DeSalvo: “Nucleare: la complessità
costa, la semplicità paga”

di Paola Sesti


Gli Small Modular Reactor rinunciano all’economia di scala, compensandola con la costruzione modulare. La competizione nel nucleare si giocherà sulla semplificazione, senza sacrificare nulla alla sicurezza

Il nucleare è tornato, il nucleare non se n’è mai andato, il nucleare è per sempre.
Il nucleare torna al centro della discussione europea e italiana: collegato agli obiettivi di decarbonizzazione, torna per ragioni logiche di cui è oggettivamente opportuno tenere conto. Anche perché la transizione ecologica e la necessità di indipendenza energetica influenzeranno produzione e consumo di energia ben oltre il 2050 e condizioneranno radicalmente la seconda parte del secolo.
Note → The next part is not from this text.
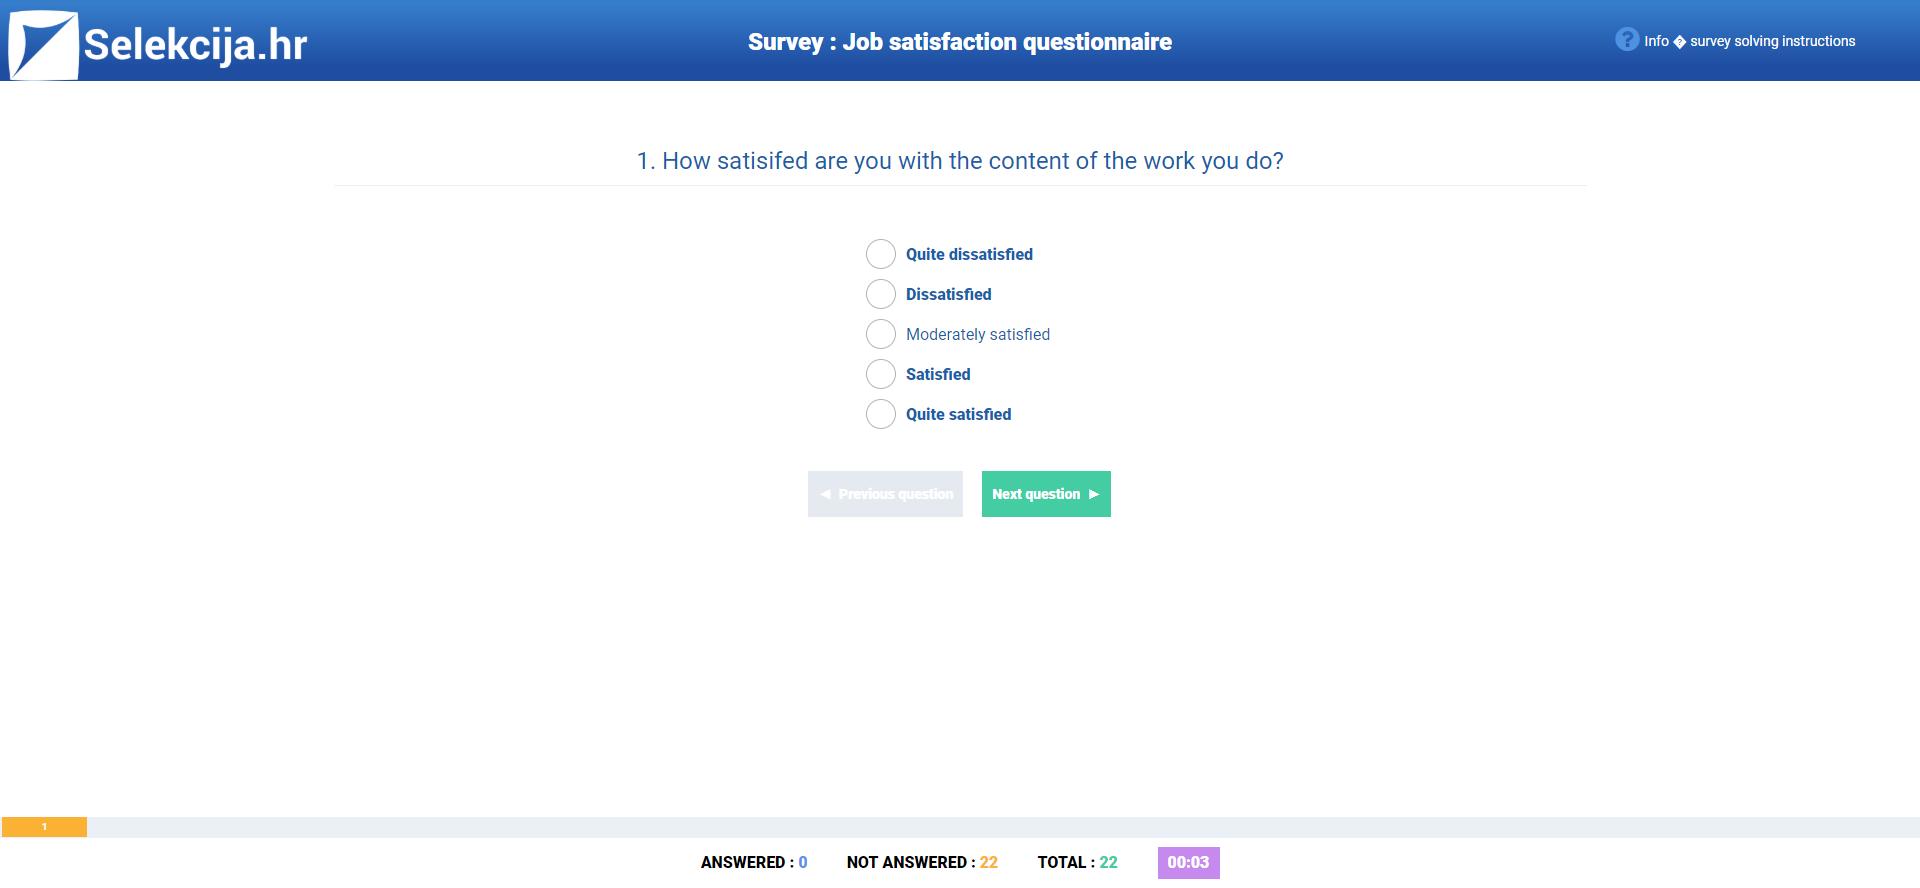 screencapture-online-selekcija-hr-assessment-edit-test-online-start-2019-04-30-11_46_27

Per questo può essere utile inserire la produzione di energia da fonte nucleare in una visione prospettica costruita sulla centralità tecnologica. C’è infatti un nuovo nucleare, caratterizzato da un dimensionamento meno invasivo rispetto agli impianti che conosciamo, di cui si va affermando centralità per alcuni caratteri che si incontrano con le esigenze che la transizione ecologica fa emergere: l’enorme estensione dei consumi elettrici, la necessità di nuovi carburanti e nuovi vettori, gli usi termici in sostituzione di quelli attualmente realizzati con combustibili fossili.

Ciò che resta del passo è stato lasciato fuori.